When participating in a breast cancer clinical trial, there are a few basic tests and procedures you may receive; however, the ultimate design of the particular study will determine which specific procedures you will undergo. The following tests and procedures are often used during breast cancer clinical trials:
- Clinical breast exam during which your healthcare provider checks your breasts for lumps.
- Computed tomography (CT scan, or “CAT scan”) or magnetic resonance imaging (MRI). CT scans and MRI enable doctors to view more detailed pictures of areas inside your body than X-rays can reveal.
- Blood tests to evaluate levels of hormones, proteins, and specific blood cells, and to look for various markers indicating response to investigational medication
Typical Protocol for Clinical Trials for Breast Cancer:
Clinical trials for breast cancer are plentiful and span a wide variety of topics, from symptom control, prevention, treatment, and improved screening. Possible examples include the following:
- Trials that compare the effectiveness of standard radiation therapy to the entire breast (following surgical removal of the breast tumor) with more targeted radiation therapy to a smaller area of the breast.
- Clinical trials that evaluate the effectiveness of receiving chemotherapy prior to surgery to remove a breast tumor.
- Clinical trials that assess certain lab tests to determine which, if any, can be useful to help predict how a woman will respond to a certain type of chemotherapy.
- Clinical trials that investigate if hormone therapy administered prior to surgical removal of a breast tumor can help to shrink the size of the tumor and make it easier to remove.
- Studies that investigate ways of improved control and treatment of side effects following surgery to remove breast tumors, such as treatments to reduce pain and improve overall quality of life.
- Studies that involve the study of breast tumor tissue to better understand the genetic influences that play a role in the development of breast cancer.
- Studies that investigate the effectiveness of alternative therapies, such as acupuncture or yoga, to help improve the side effects associated with breast cancer treatment, or to improve overall quality of life in breast cancer patients.

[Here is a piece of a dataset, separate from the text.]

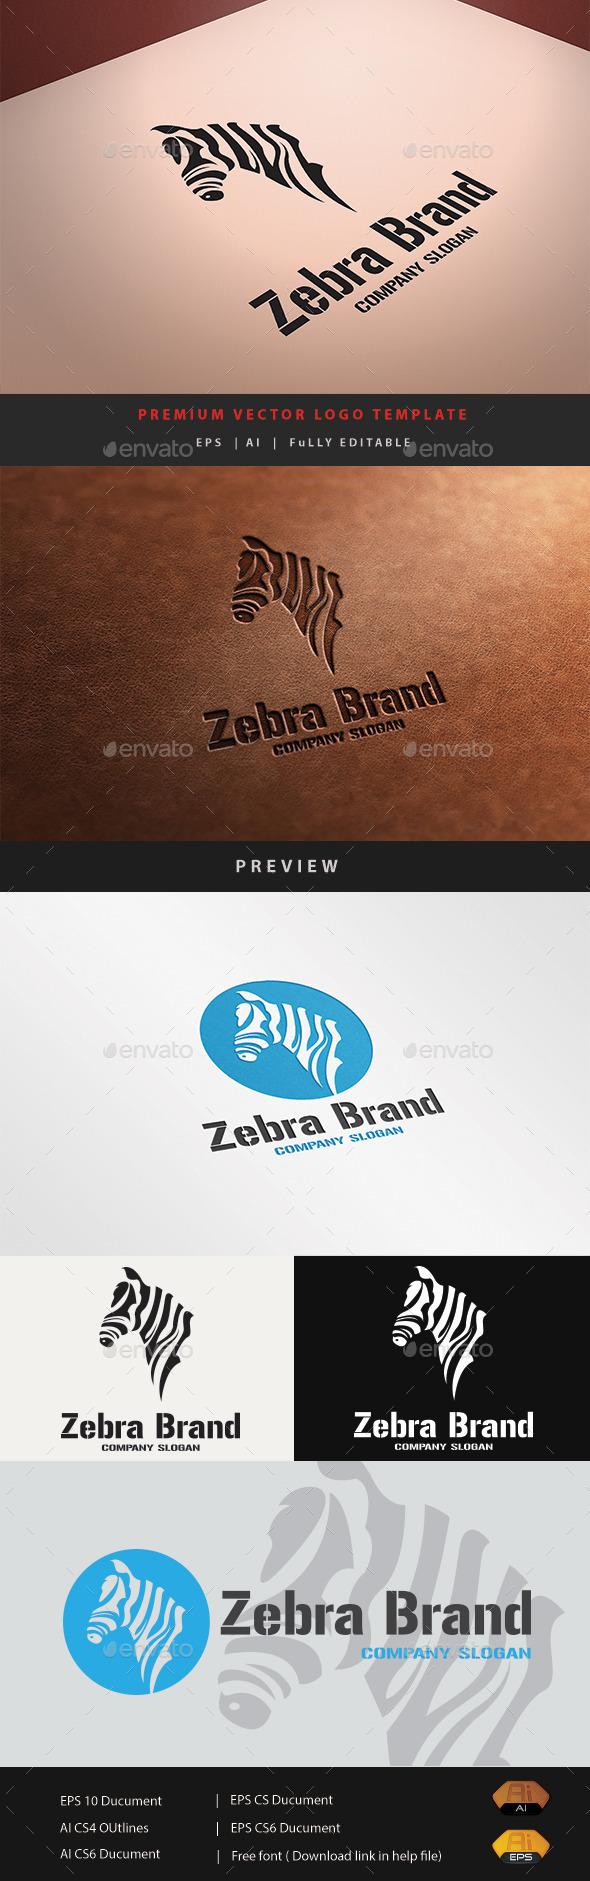 GraphicRiver Zebra Brand 10807146
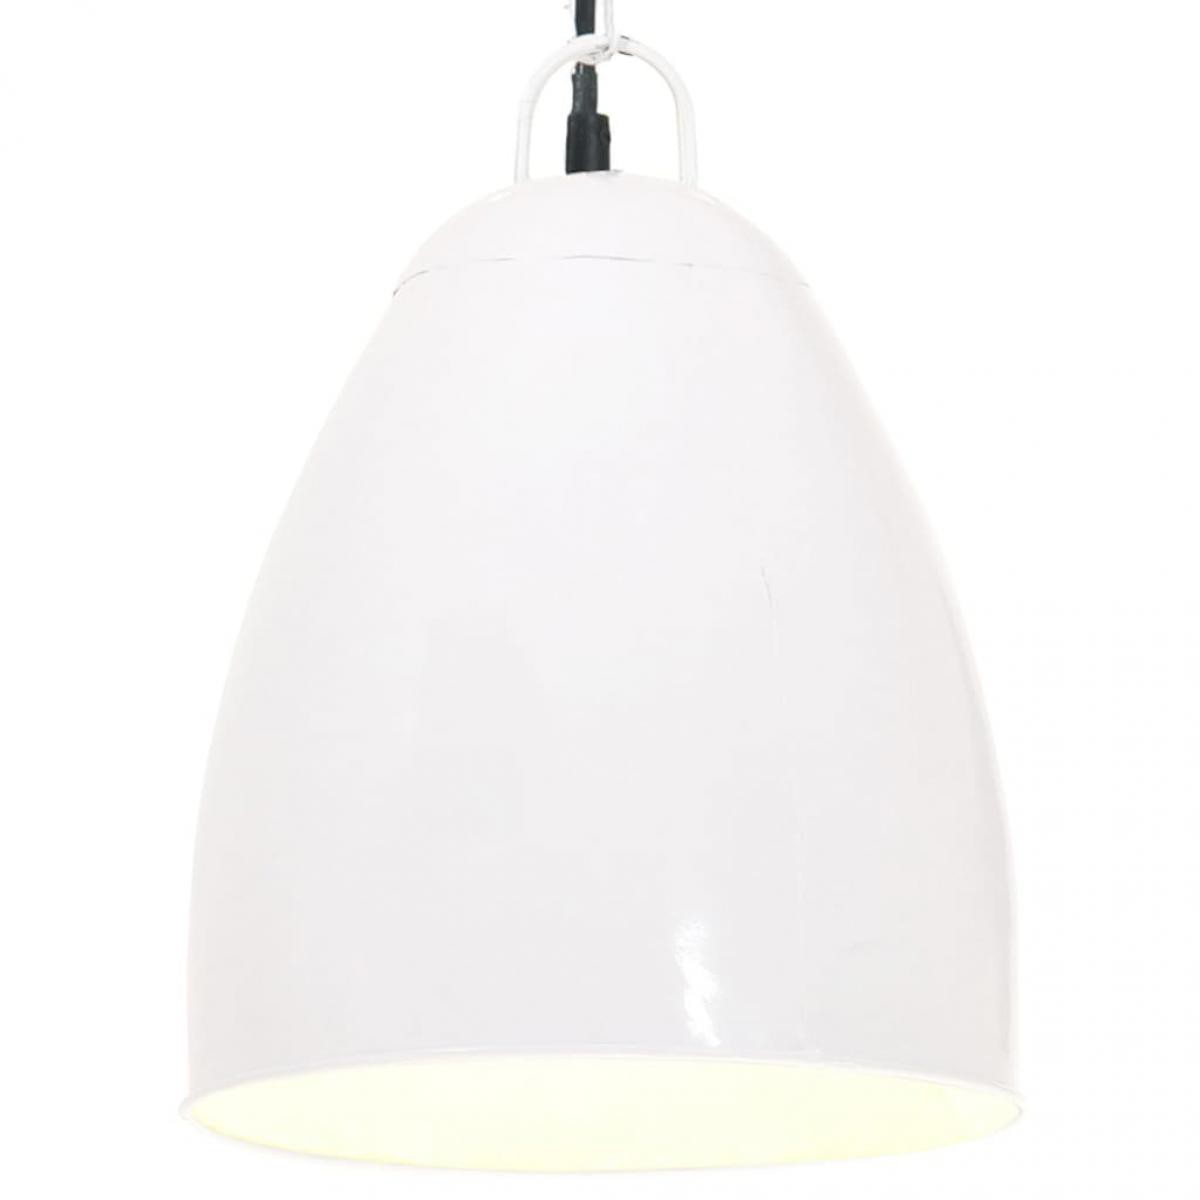 Vidaxl vidaXL Lampe suspendue industrielle 25 W Blanc Rond 32 cm E27

A brief word about randomized trials and placebos:
Clinical trials for breast cancer, as well as many other clinical trials involve the comparison of an investigational treatment to an existing or “standard” treatment for the cancer. The exact therapy (i.e., investigational or standard) that each patient receives in such a trial is usually determined through a process known as randomization, in which patients are randomly assigned to receive either the investigational treatment or the standard treatment.
Sometimes, a trial will investigate the use of a standard treatment plus a new drug compared to standard treatment plus a placebo. Placebos are inactive or sham treatments that are identical to the active treatment; however they have no therapeutic value.
The purpose for using a placebo is to be certain that any adverse effects that occur during the clinical trial are actually the result of the investigational treatment and not some other factor. In these types of trials, all patients receive the standard treatment, while those randomized to the investigational treatment receive the additional drug.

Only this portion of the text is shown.